Publications of the MPIfR
Optical & Infrared
Interferometry Group
Keiichi Ohnaka, Thomas Driebe,
Karl-Heinz Hofmann, Thomas Preibisch, Dieter Schertl, and Gerd Weigelt
VLTI/MIDI observation of the silicate carbon
star Hen 38 (IRAS08002-3803): silicate dust reservoir spatially
resolved for the first time
Advances in Stellar Interferometry
Proceedings of SPIE: Vol. 6268, p.62682V-(1-5)

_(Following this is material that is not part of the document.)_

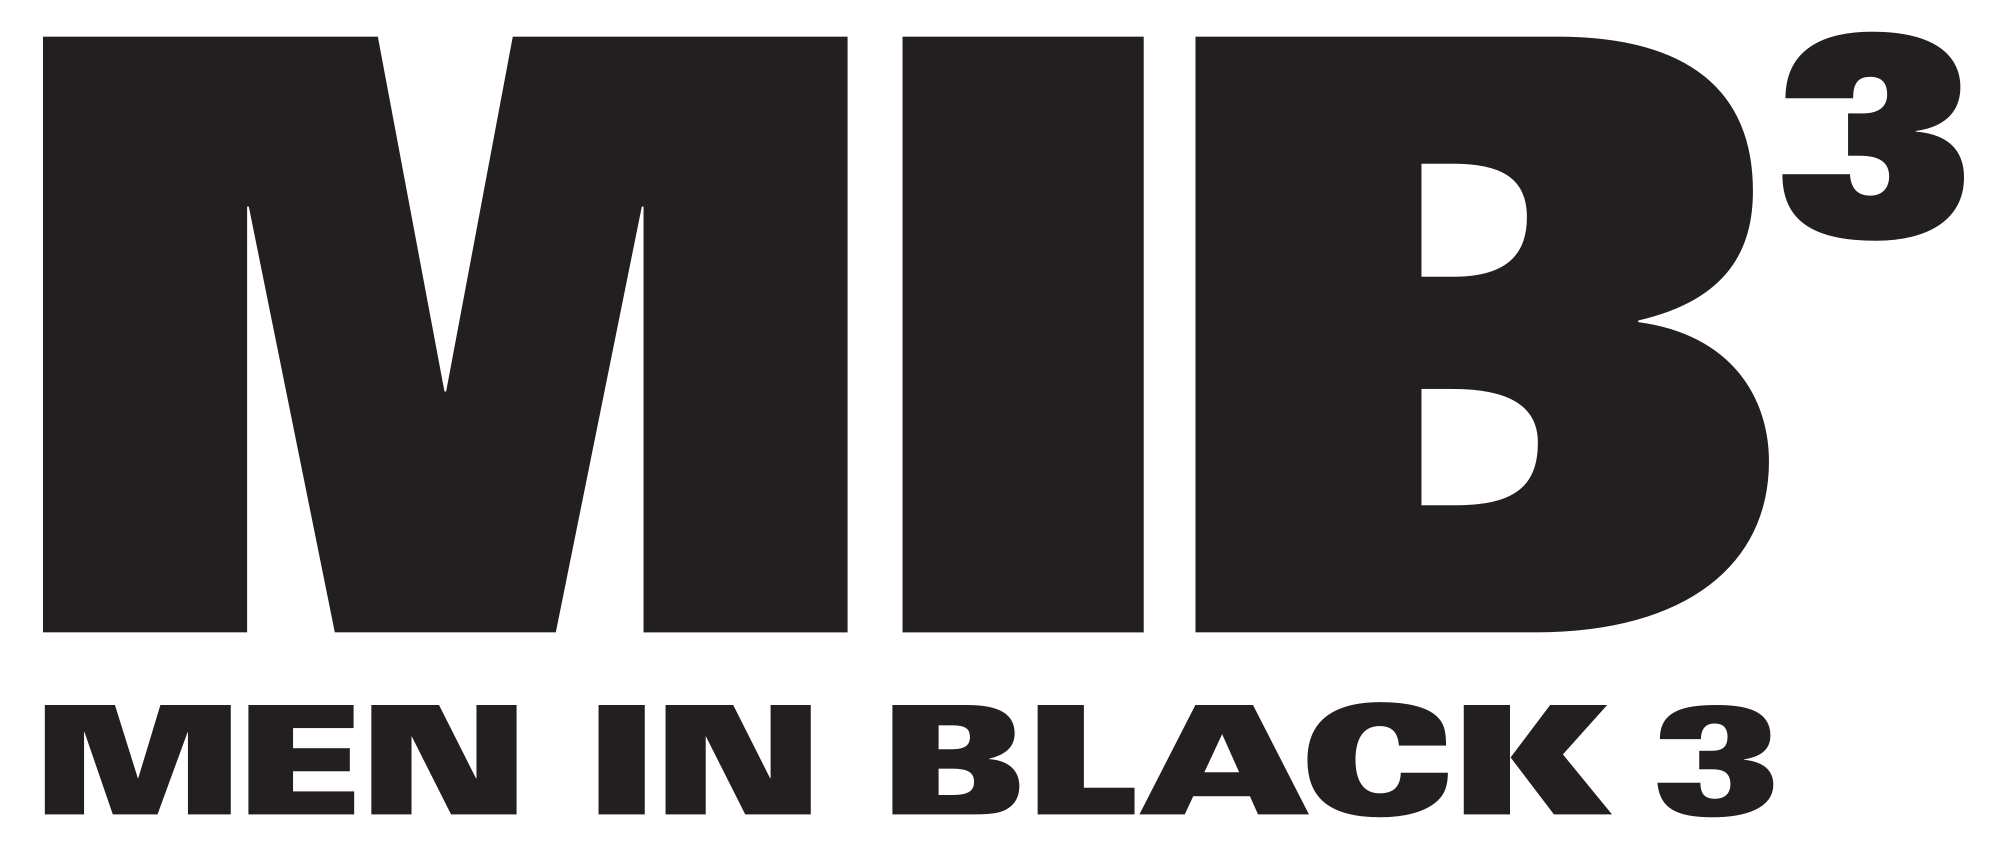 Men in Black Logo - File:Men in black 3.svg - Wikimedia Commons
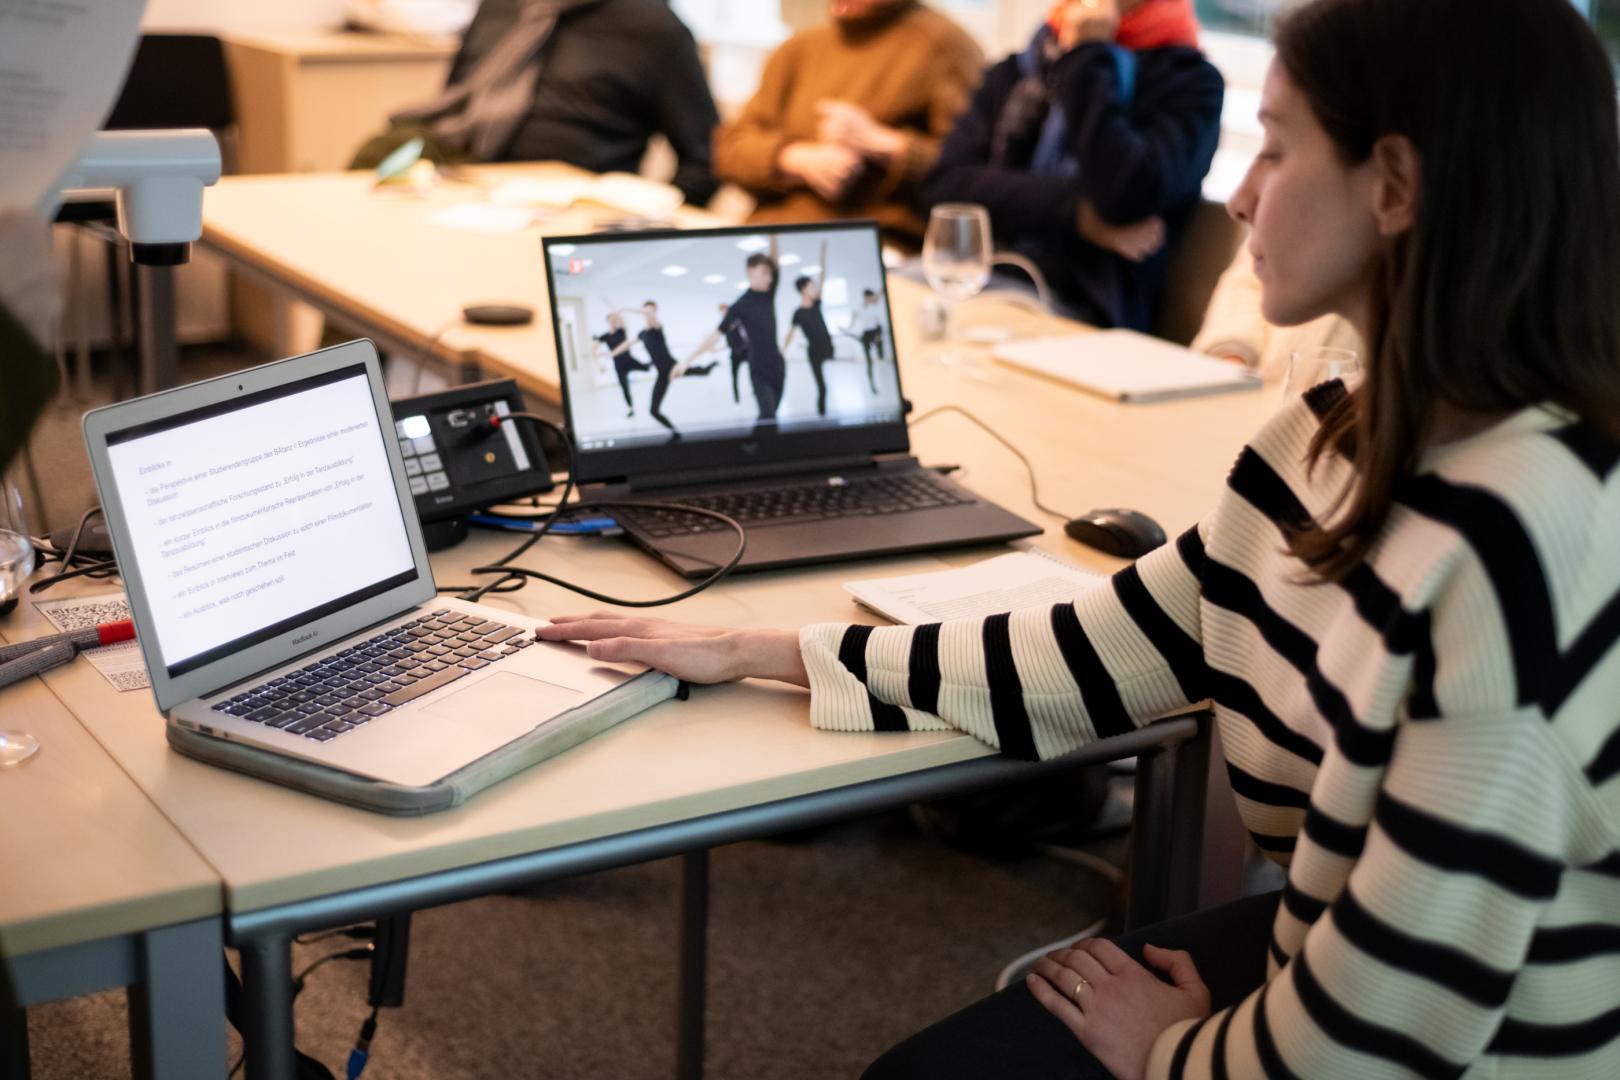 Im Vordergrund rechts sehen wir eine Frau im Profil, die sitzt und auf zwei Laptops links von ihr blickt. Ein Laptop zeigt Text, der andere das Still eines Tanzvideos. Im Hintergrund sind unscharf Zuhörende zu erkennen.

Danchi, W., Monnier, J., Schöller, M. (eds.)
Abstract
We present the results of N-band spectro-interferometric observations
of the silicate carbon star Hen 38 (IRAS08002-3803) with the
MID-infrared Interferometric instrument (MIDI) at the Very Large
Telescope Interferometer (VLTI) of the European Southern Observatory
(ESO). Our observations of IRAS08002-3803 with baseline lengths of
39-47 m have spatially resolved the dusty environment of a silicate
carbon star for the first time and revealed an unexpected wavelength
dependence of the angular size in the N band: the uniform-disk diameter
is found to be constant and ~36 mas (72 R*) between 8 and 10 µm, while
it steeply increases longward of 10 µm to reach ~53 mas (106 R*) at 13
µm. Neither spherical shell models nor axisymmetric disk models
consisting of silicate grains alone can simultaneously explain the
observed wavelength dependence of the visibility and the spectral
energy distribution (SED). We propose that the circumstellar
environment of IRAS08002-3803 may consist of two grain species
coexisting in the disk: silicate and a second grain species, for which
we consider amorphous carbon, large silicate grains, and metallic iron
grains. Comparison of the observed visibilities and SED with our models
shows that such disk models can fairly - though not entirely
satisfactorily - reproduce the observed SED and N-band visibilities.
Our MIDI observations and the radiative transfer calculations lend
support to the picture where oxygen-rich material around IRAS08002-3803
is stored in a circumbinary disk surrounding the carbon-rich primary
star and its putative low-luminosity companion.